Halvard Moe Krogstad has completed their Master’s Thesis in Science & Technology Studies with the title “Efficient Robots vs. Social Beings: A sociotechnical study on Korean café-culture and novel technology in service” at NTNU, the Department of Interdisciplinary Studies, for the academic spring semester 2022.

Focus for thesis
“How robots are used in South Korean cafés and why?”. In this thesis I investigate this question through a qualitative study of Korean café culture, looking at how various components play a part when change occurs in Korean cafés and the complexity of it. The thesis’ introduction presents Korea as a nation, an overview of life in Seoul, a brief history of coffee in Korea, the birth of Korea as a tech-nation, a definition of a robot, and lastly highlights this thesis’ importance and contribution to ‘untact’ and HRI-research. Methodologically, this case study draws on three primary empirical materials: (1) Fieldwork in Korea and experiencing Seoul, (2) observations of 6 cafés; 3 robot-cafés and 3 regular cafés, (3) semi-structured interviews of four Seoul-based students. The informants are presented as their own individuals in this thesis but do also represent the core café customer-group and daily life of students in Seoul. The primary empirical data is central to this thesis’ research as the process is inspired by grounded theory, an inductive methodological approach. Additionally, I utilize theoretical tools from the field of Science & Technology Studies: sociotechnical perspective, domestication, and delegation. I also borrow Breaching experiments from the Sociology field of study.
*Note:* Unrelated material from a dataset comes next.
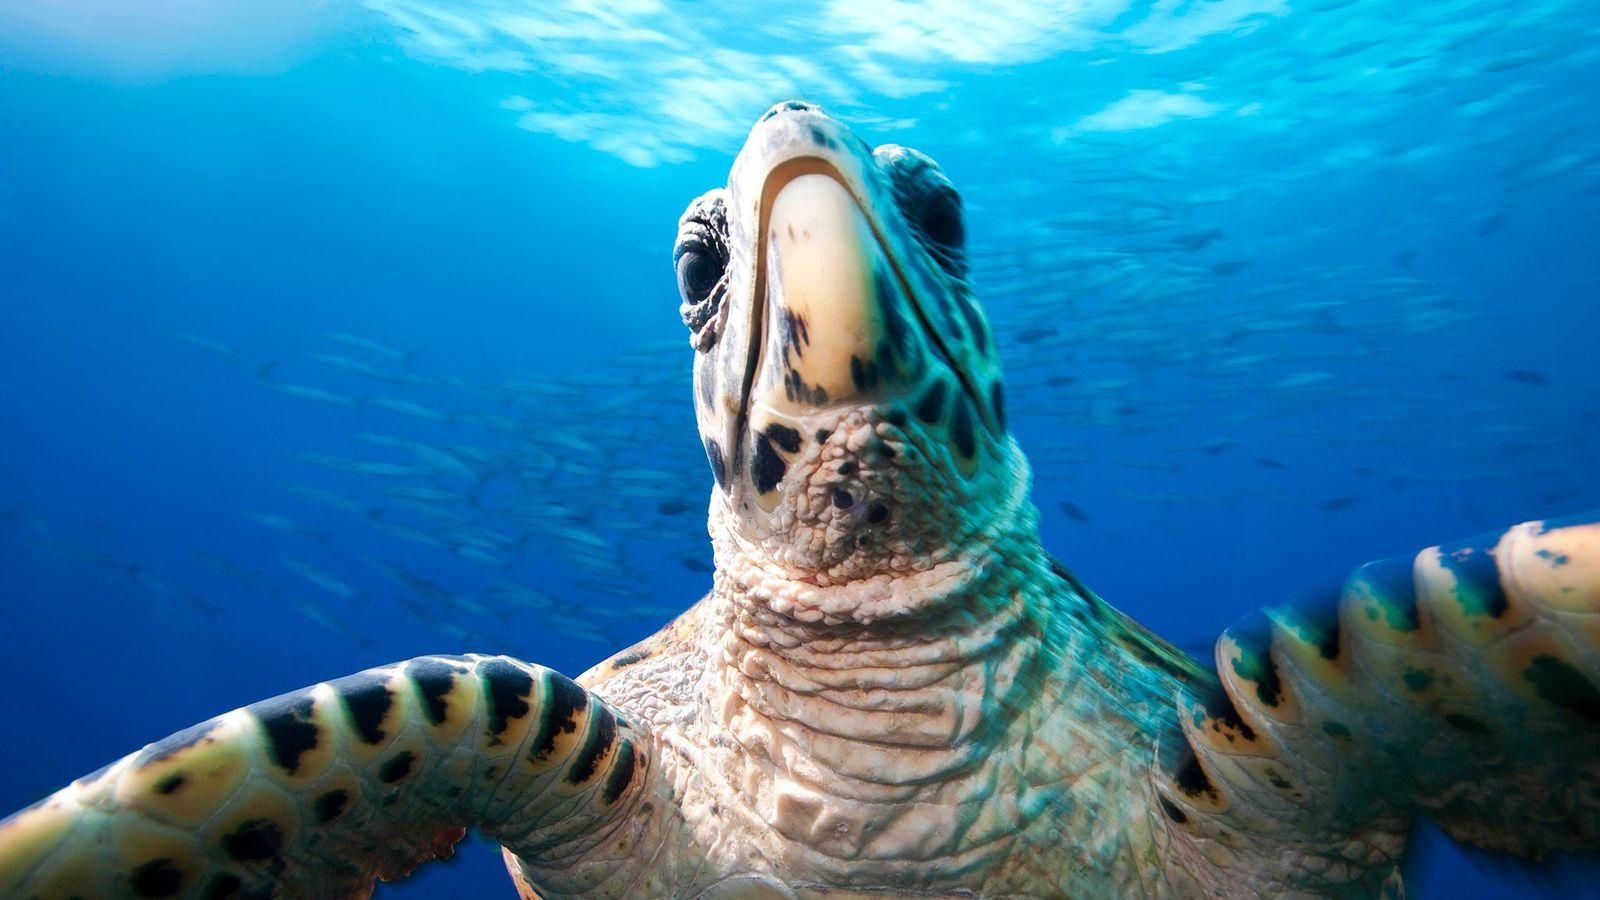 A hawksbill sea turtle, Eretmochelys imbricata, at Jayne's Gulley in Kimbe bay Papua New Guinea.

Chronologically, this thesis is structured in four analysis chapters: (1) a deep-dive into the Korean café-culture, the busy lives of students, the café as a study spot, Seoul’s density and cramped housing, and material configurations of cafés. This constitutes the local context of this thesis. (2) Presenting the sociotechnical material configurations in Seoul cafés. Analyzed by being categorized and put up against the local context, figuring out why cafés make use of novel technology. This constitutes the material context. (3) Analyzing how customers domesticate cafés using novel technologies, based on the cafés hybridity, taste of products, and the customers technical competence. (4) HRI-analysis of breaching experiments, presenting three cases of breaching in social expectations of interactions in a service setting, in addition to the concept of imagined breaching and rejection of untact technology in a service setting.
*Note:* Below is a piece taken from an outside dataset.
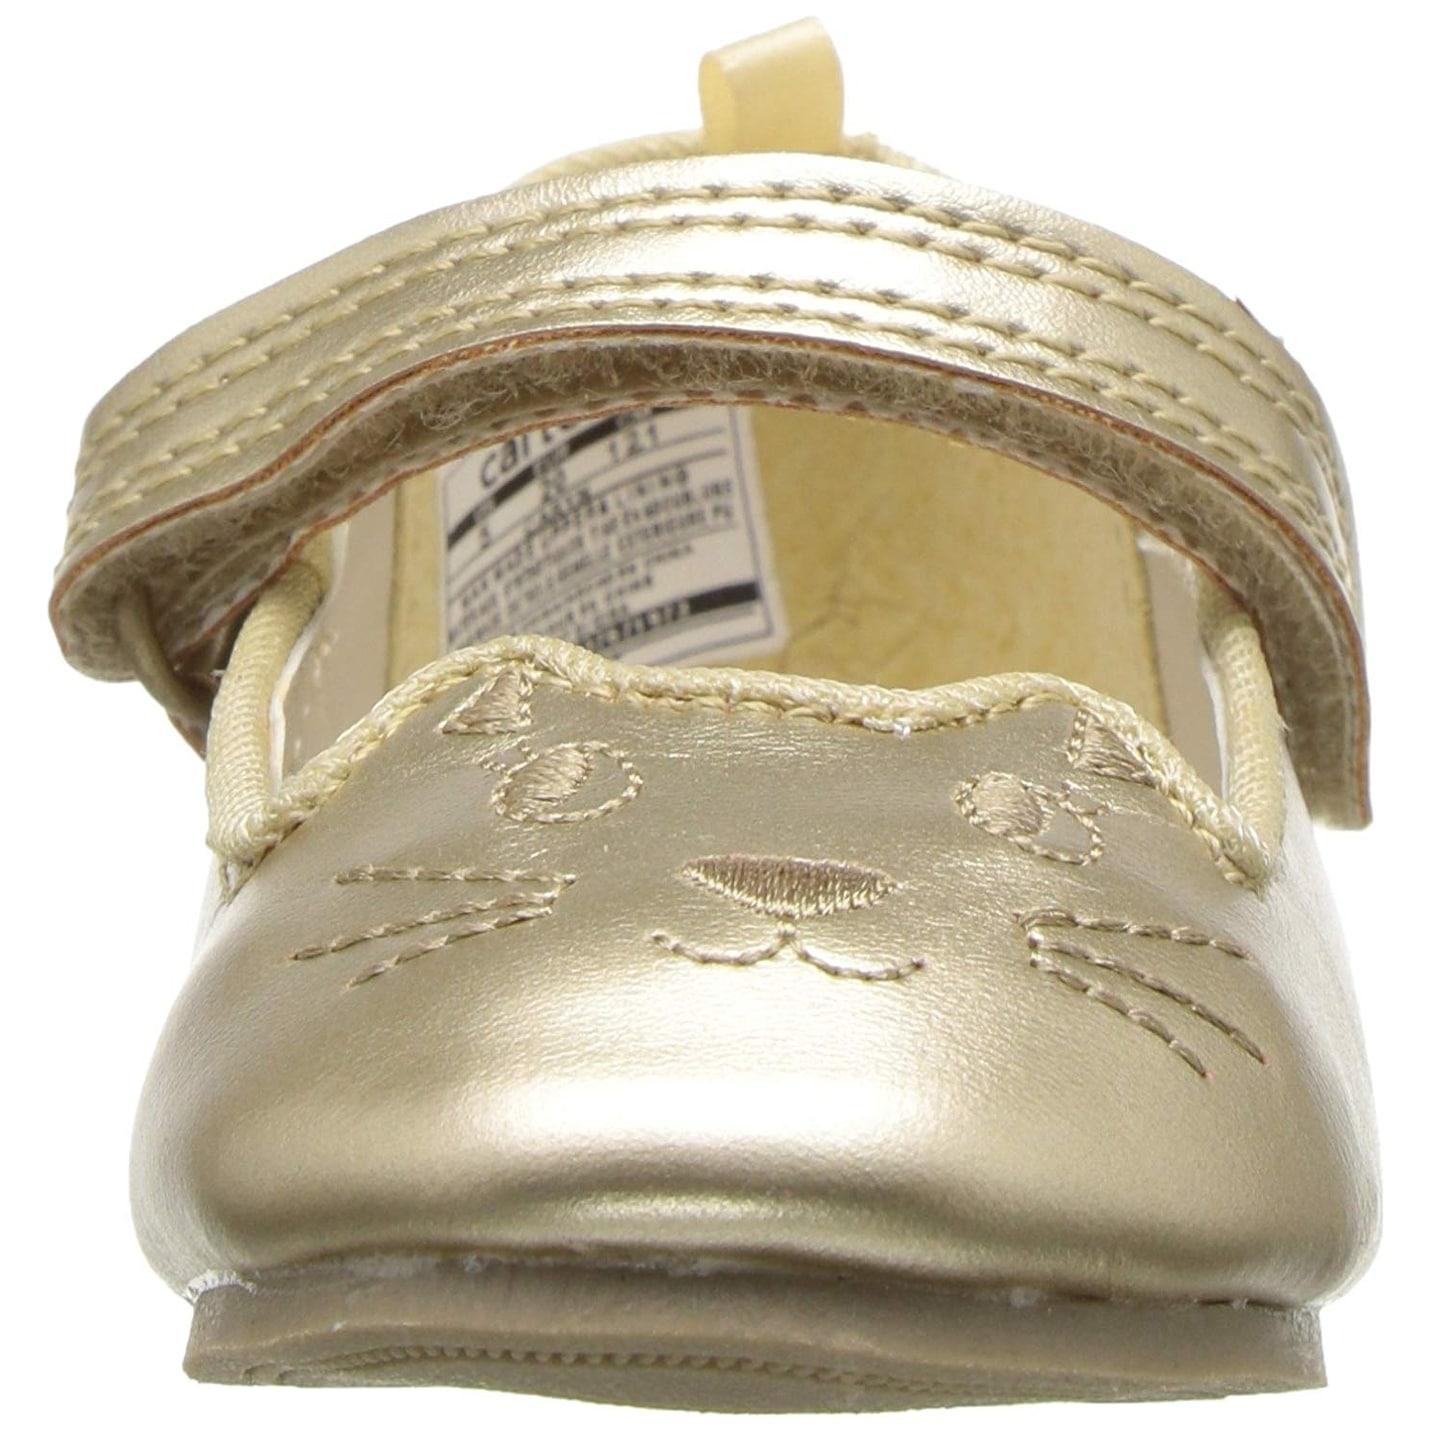 227becfad Shop Carter's Kids Caryn Girl's Kitten Flat Ballet - On Sale - Free  Shipping On Orders Over $45 - Overstock - 25442719

The Seoul café is adapting to the local context and students’ routines, by increasingly making use of technologies and reducing the number of human employees, resulting in some cafés becoming borderline hybrids, blurring the line between café, home, and workplace. Findings show that students, the target customer, are divided in domesticating robot-cafés, due to rejection of interacting with technology in service based on untrust and anticipatory fear of malfunction.
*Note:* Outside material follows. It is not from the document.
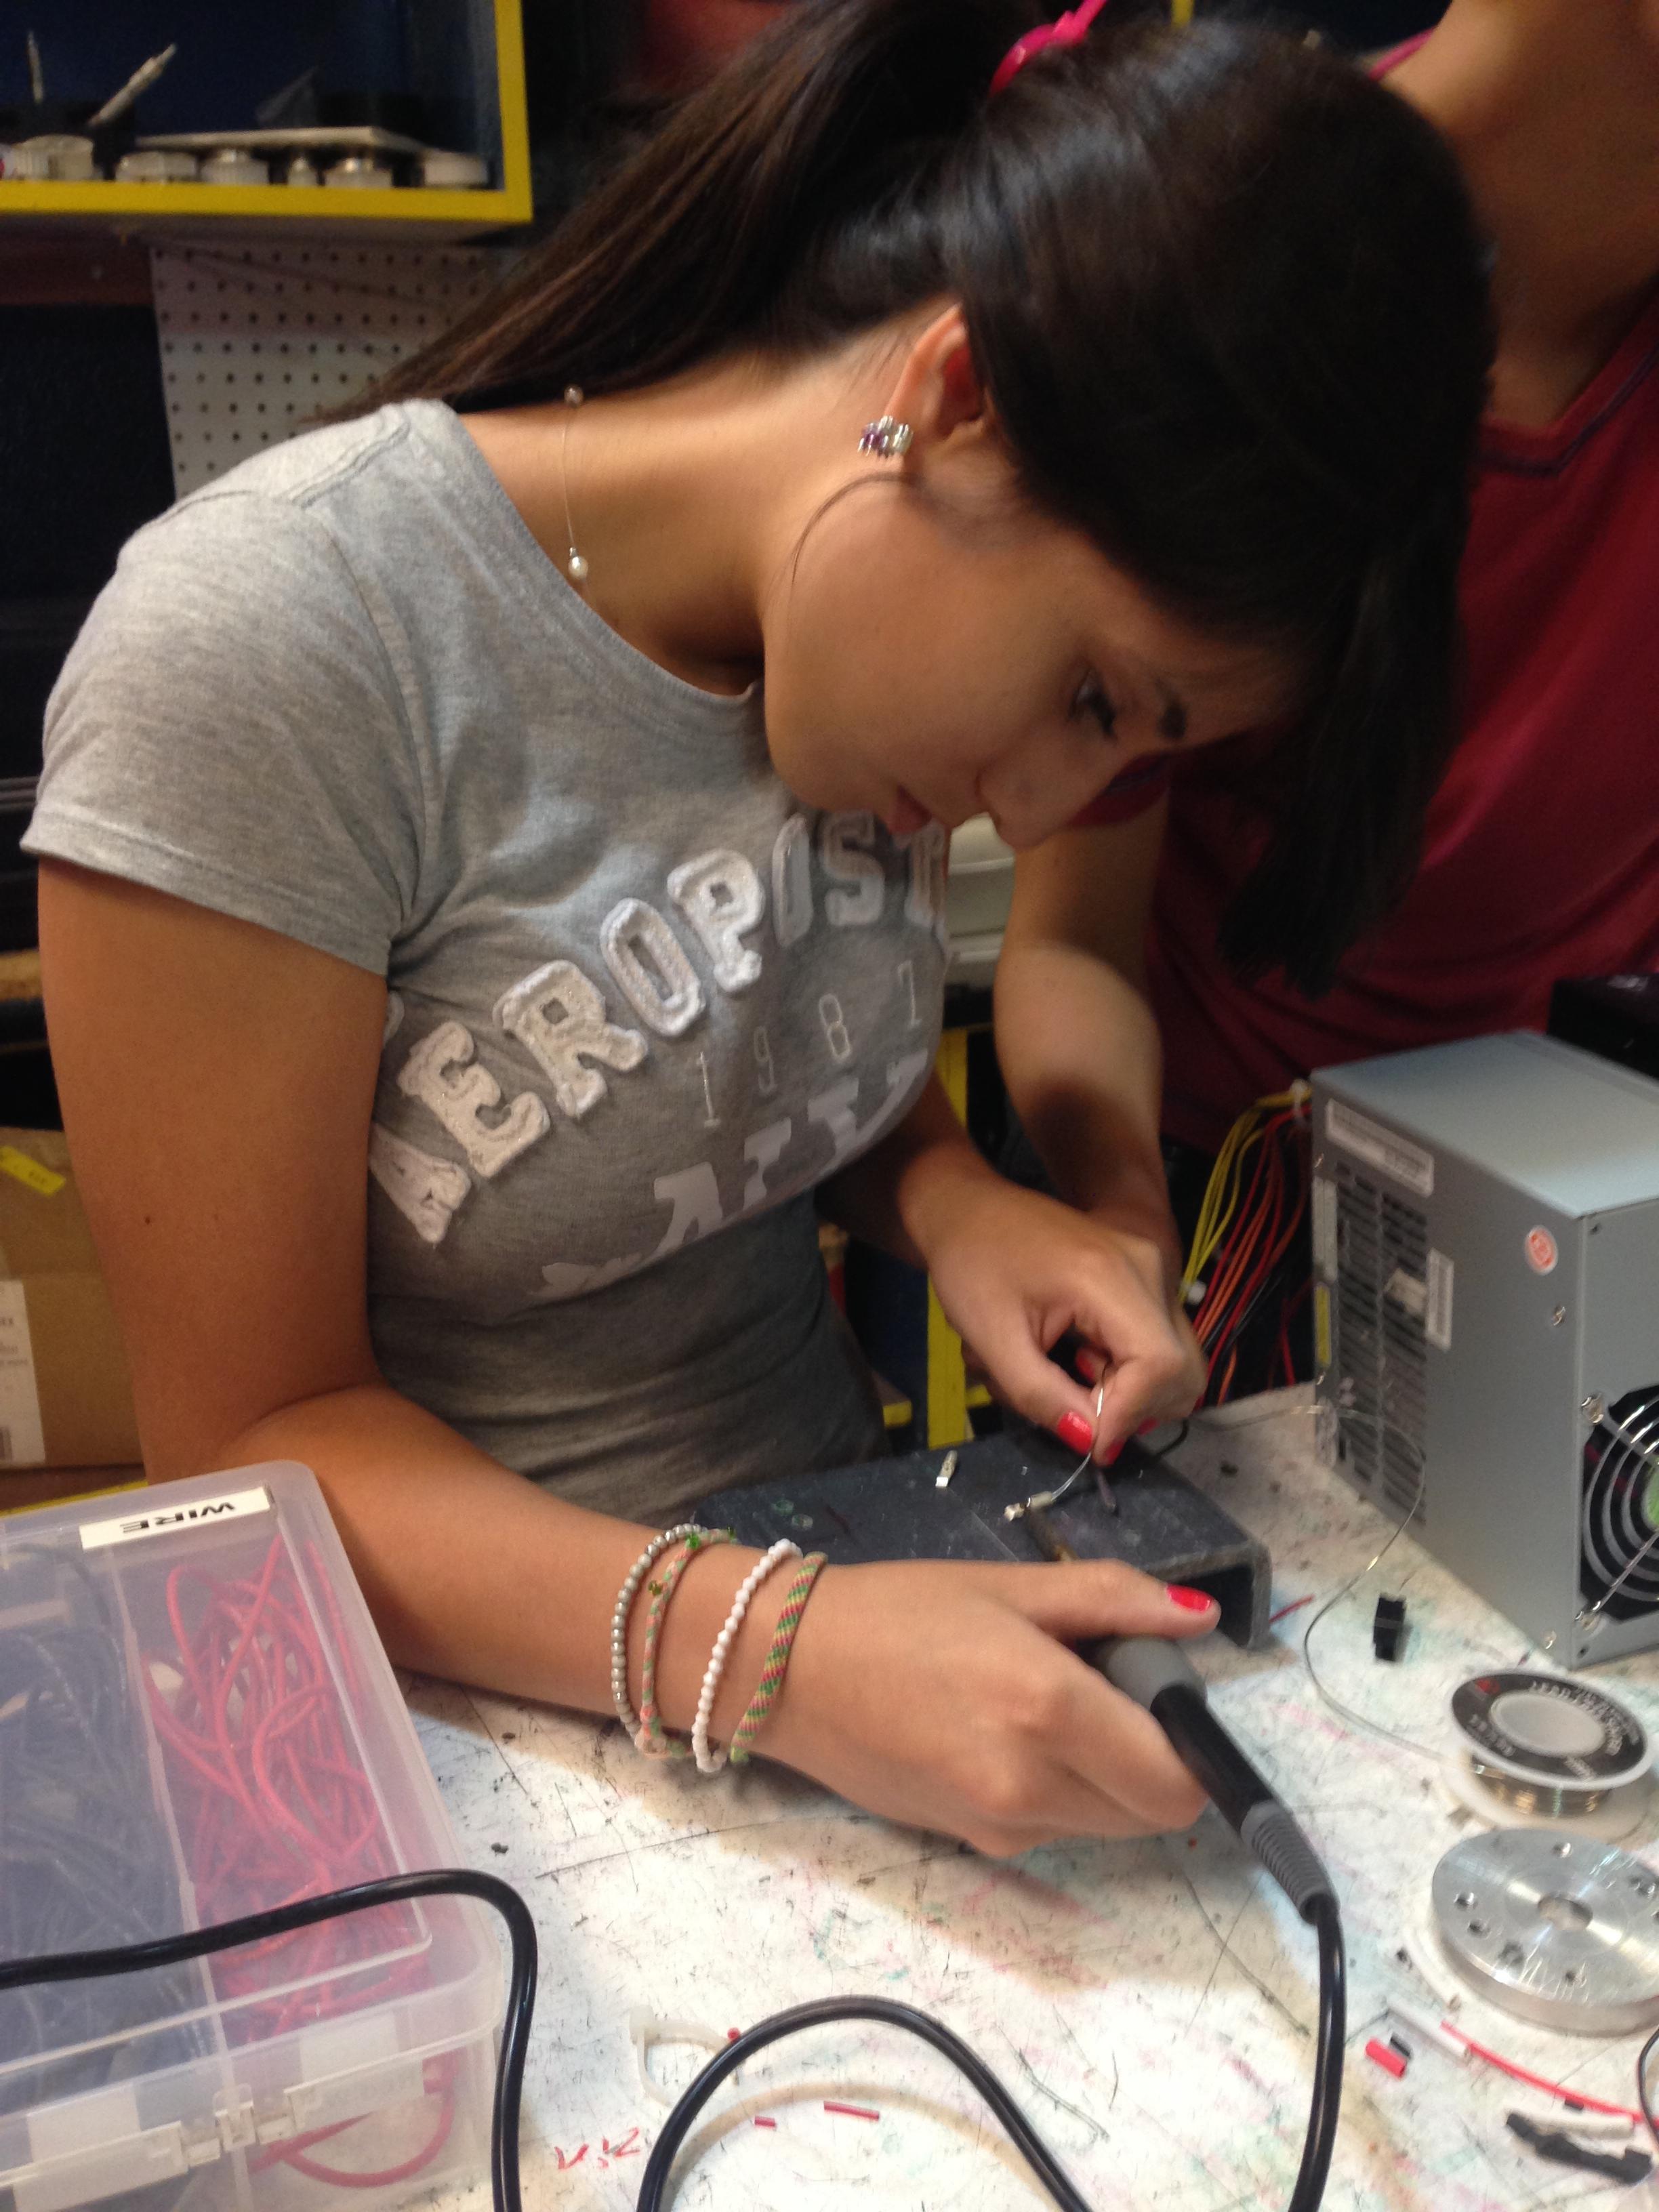 Caption: Dianna Valenzuela working on a robot., Credit: Valeria Fernandez / Radio Bilingüe

Relation to future of work
This thesis provides an insight into a modern shift in the Korean service sector, where cafés are observed increasingly delegating tasks formerly done by human baristas over to novel technology, automated systems, and the customer themselves. In terms of work in the future, human baristas are expected to experience a shift both in their daily work-tasks and also how they provide services. These tasks and services, observed to have already sprung up in some cafés, revolve around bridging the gap between robots / automation and the customer, e.g., assisting with making orders on machines and through applications, swooping in when technical malfunction occurs, etc. Additional jobs and tasks related to maintenance of automated services are also expected to experience a substantial increased need in the future, found today to be performed by both professional maintenance workers as well as service workers, such as baristas and fast-food workers.